• Task brief
One exact copy of the listing, minus the images, is the required answer.

• Source material
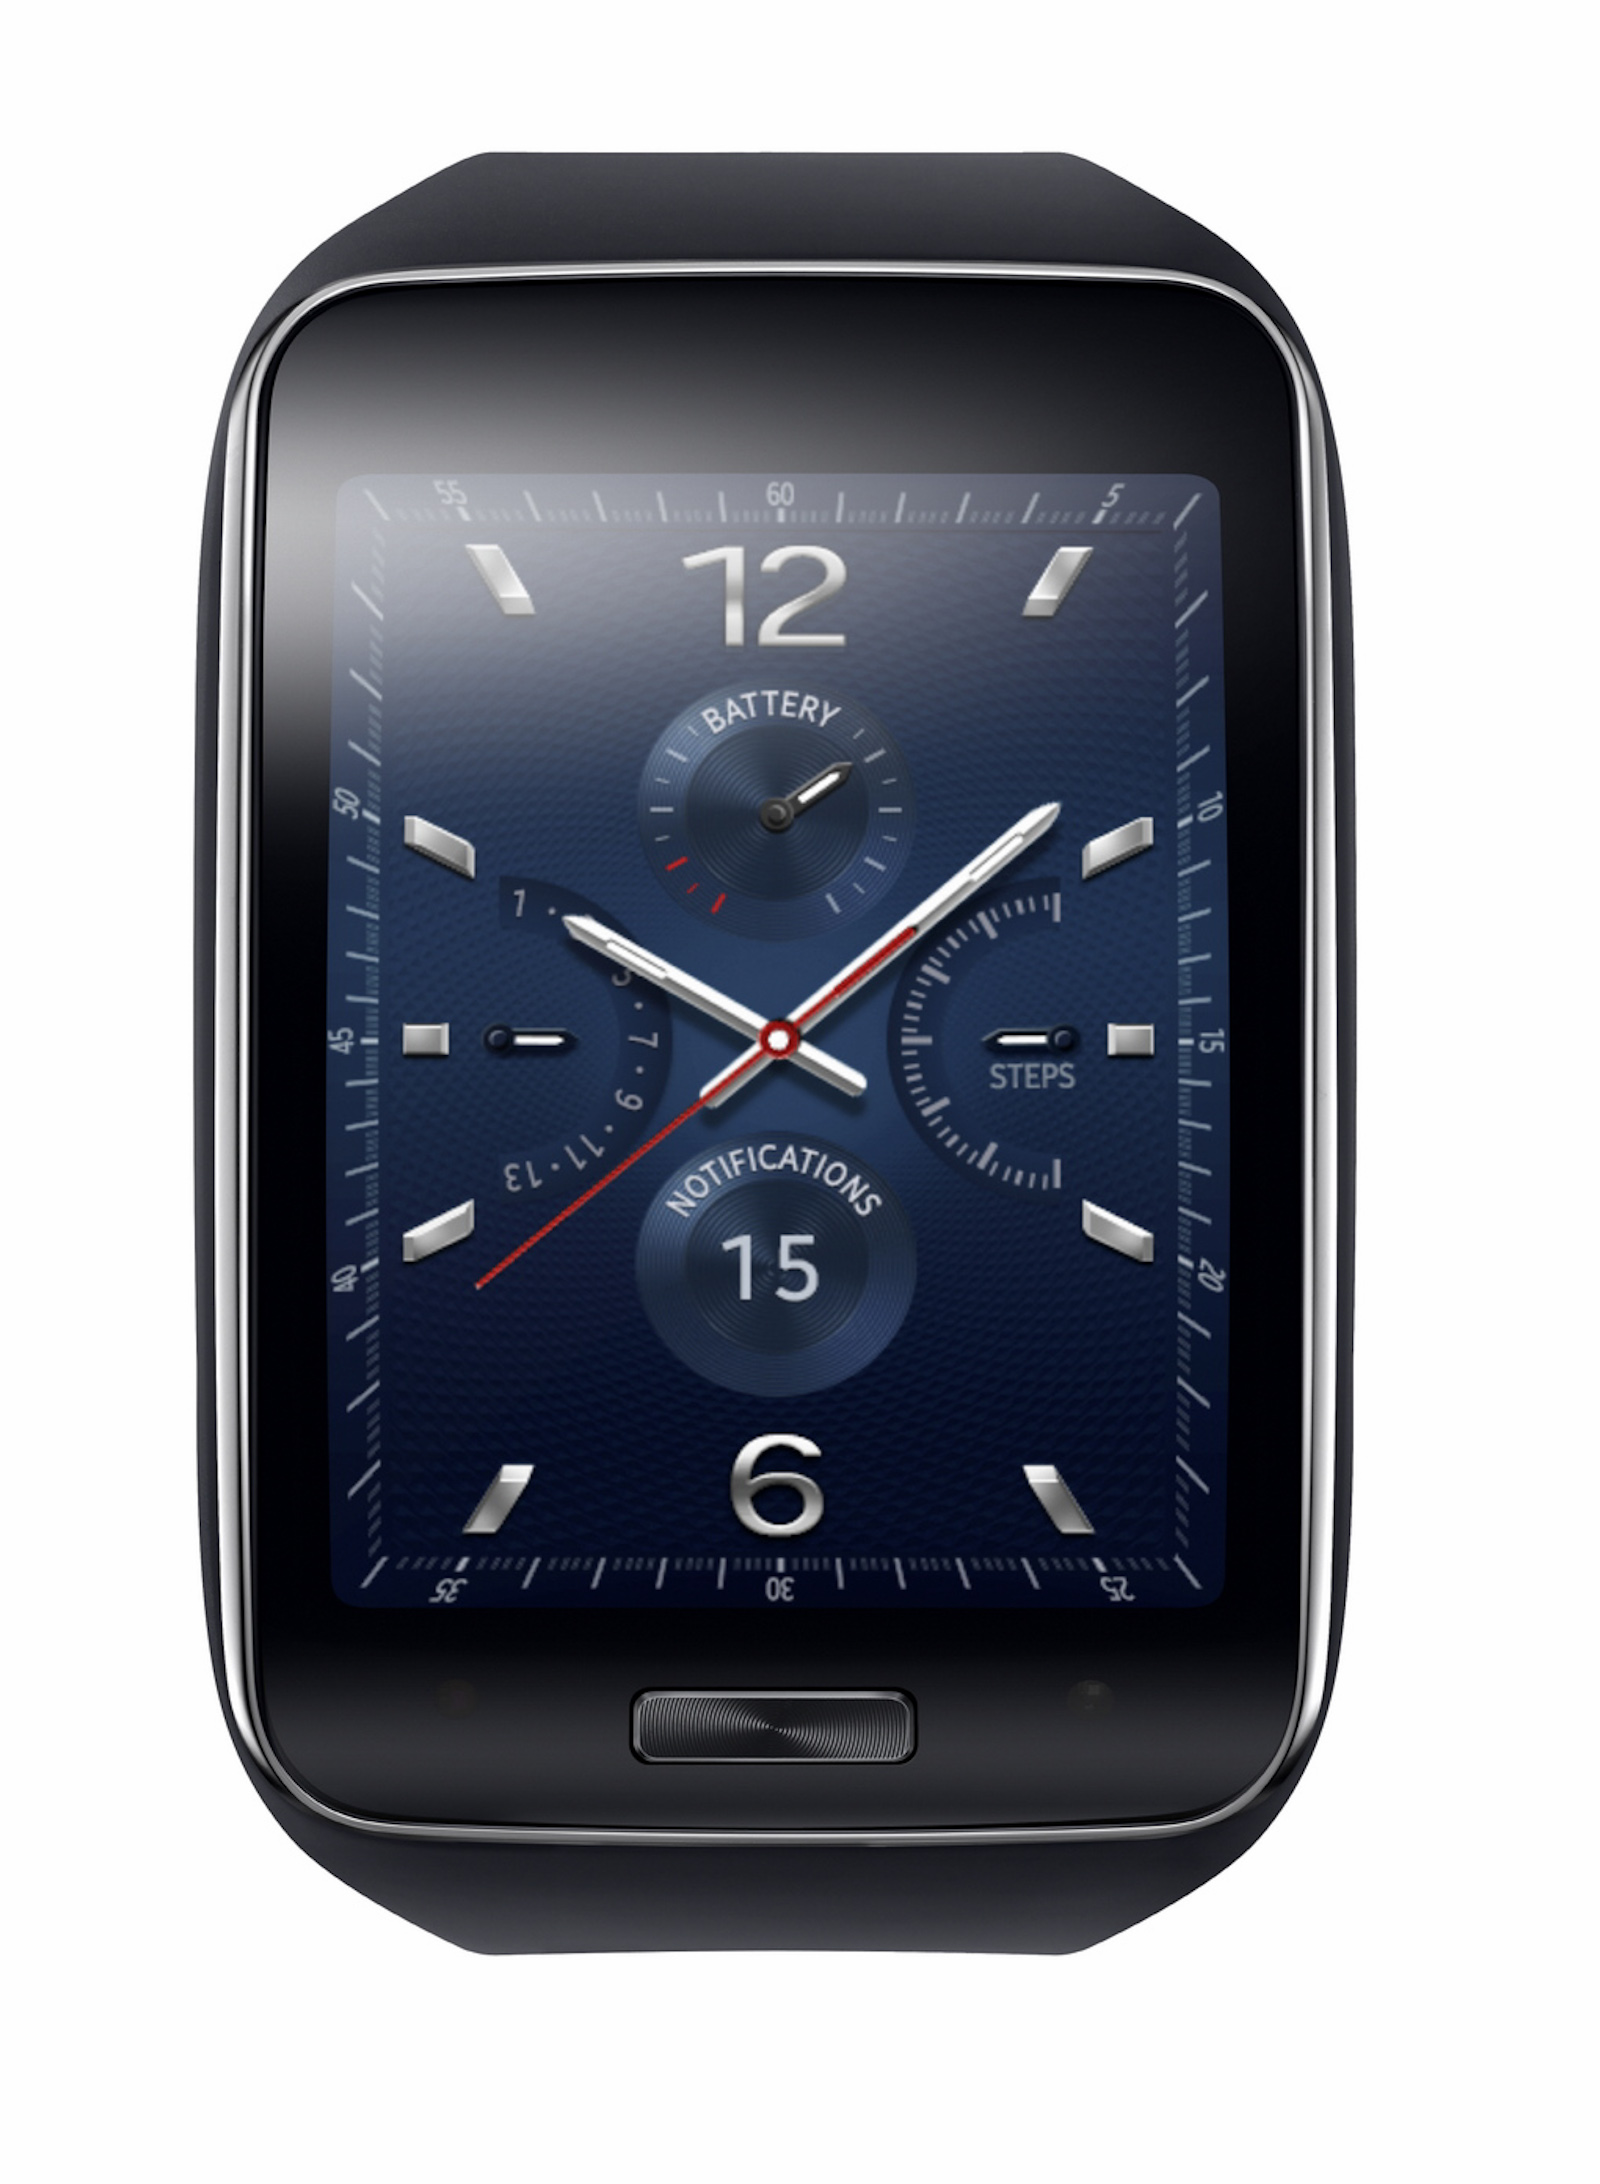 Samsung-Gear-S-Curved-Display-Smartwatch-3.jpg
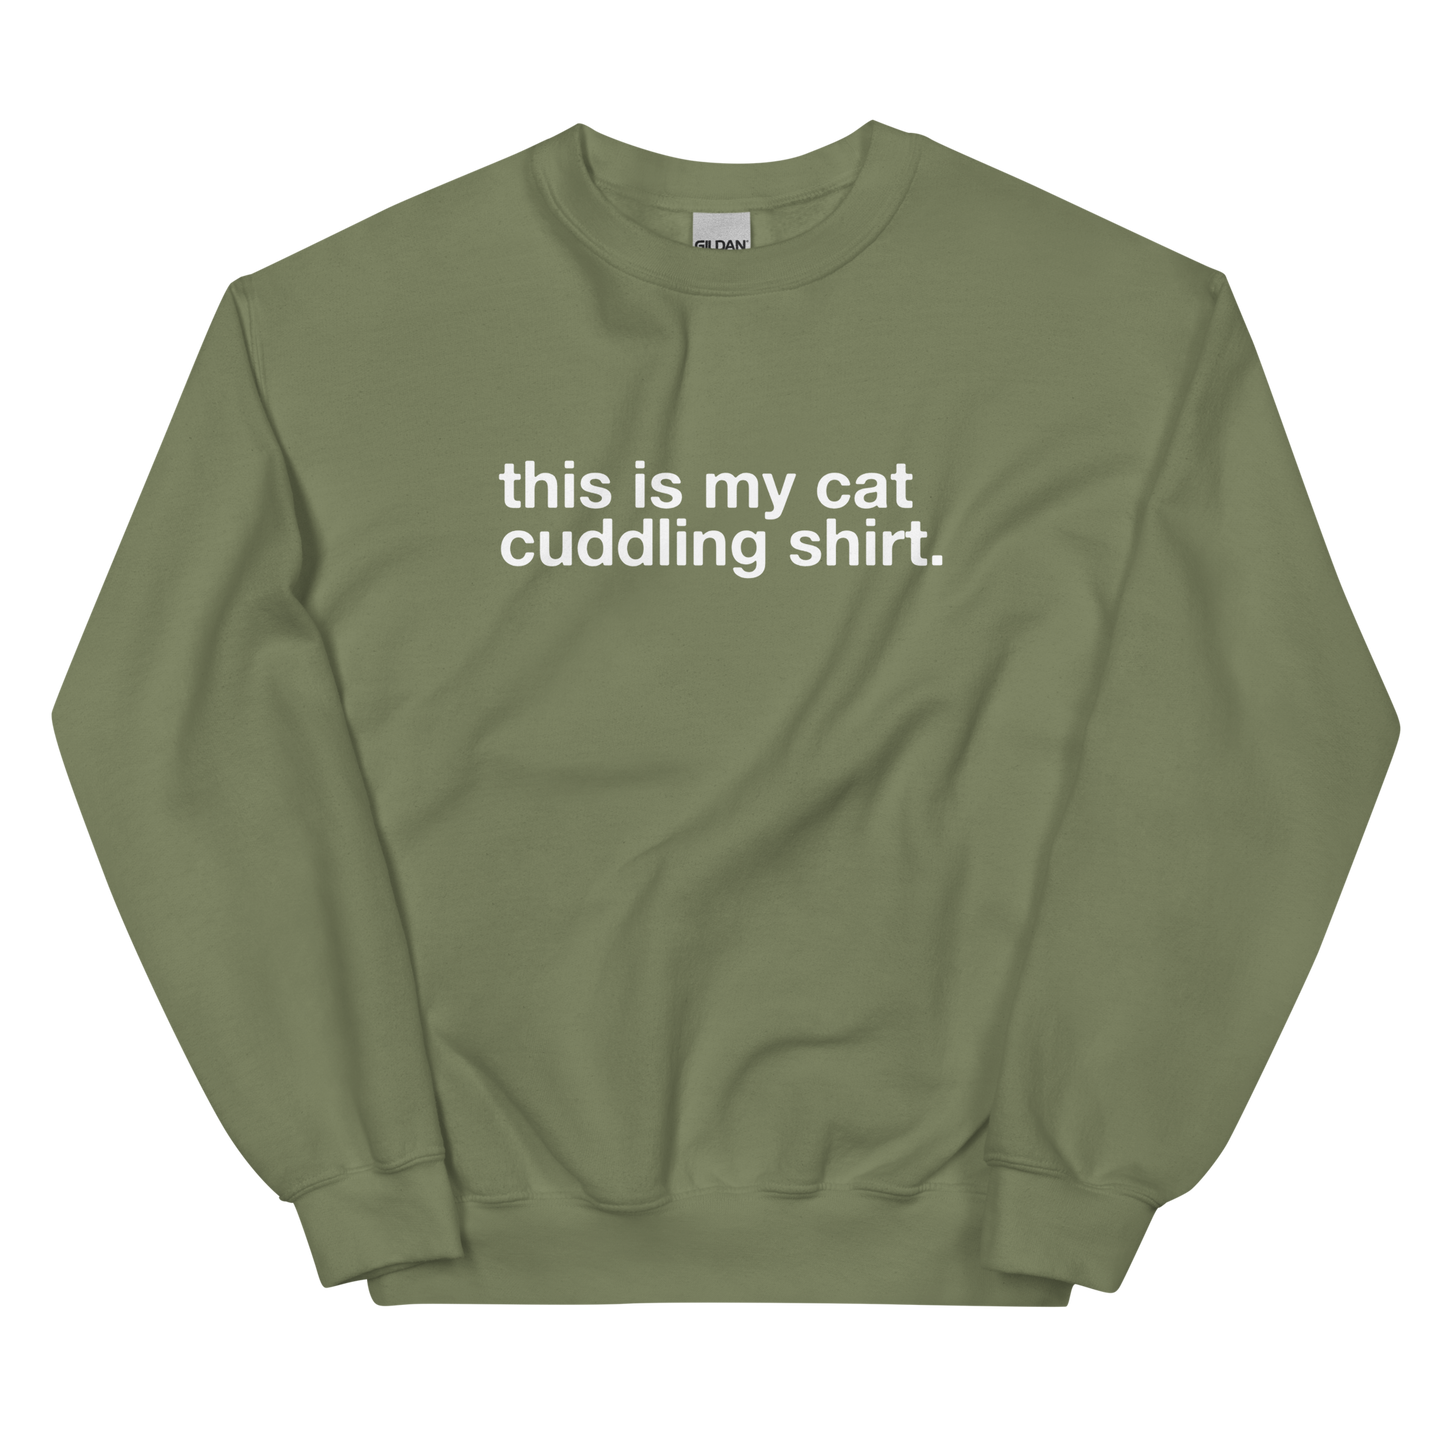 cat cuddling shirt. - Unisex Crewneck Sweatshirt
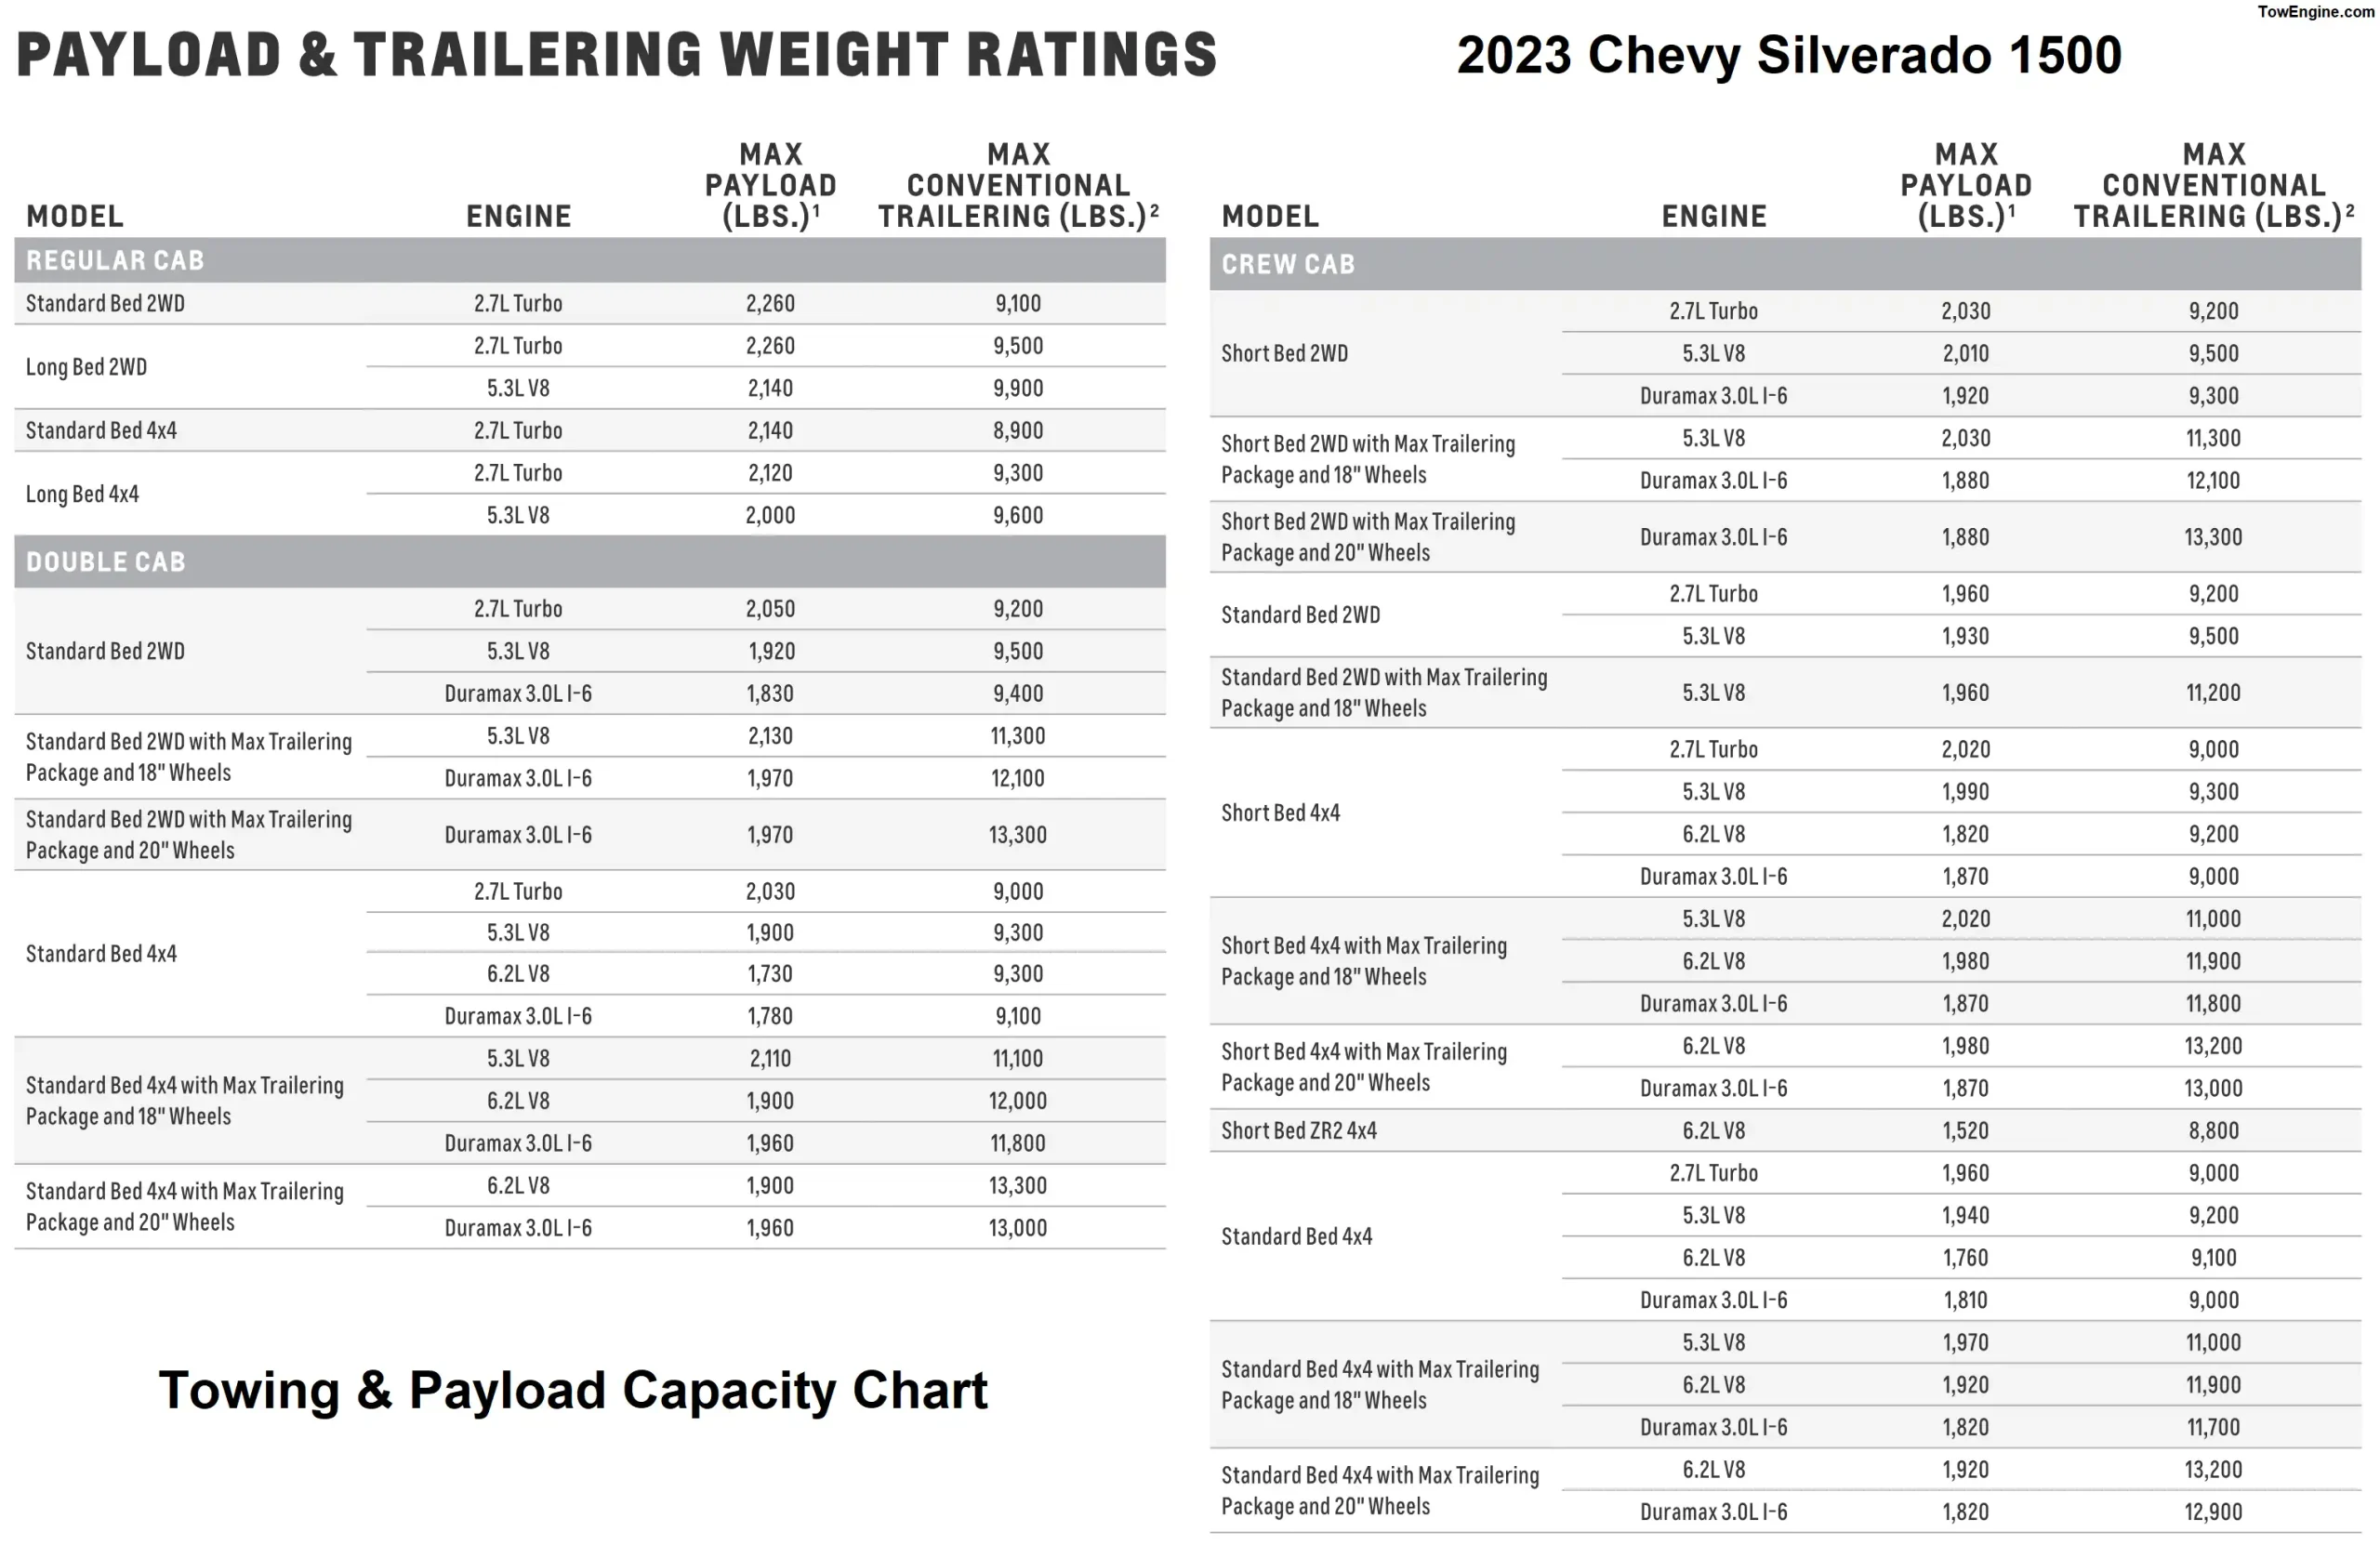 2023 Chevy Chevrolet Silverado 1500 Towing Capacity & Payload Capacity Chart

• Solution to the exercise
 Samsung-Gear-S-Curved-Display-Smartwatch-3.jpg
 cat cuddling shirt. - Unisex Crewneck Sweatshirt
 2023 Chevy Chevrolet Silverado 1500 Towing Capacity & Payload Capacity Chart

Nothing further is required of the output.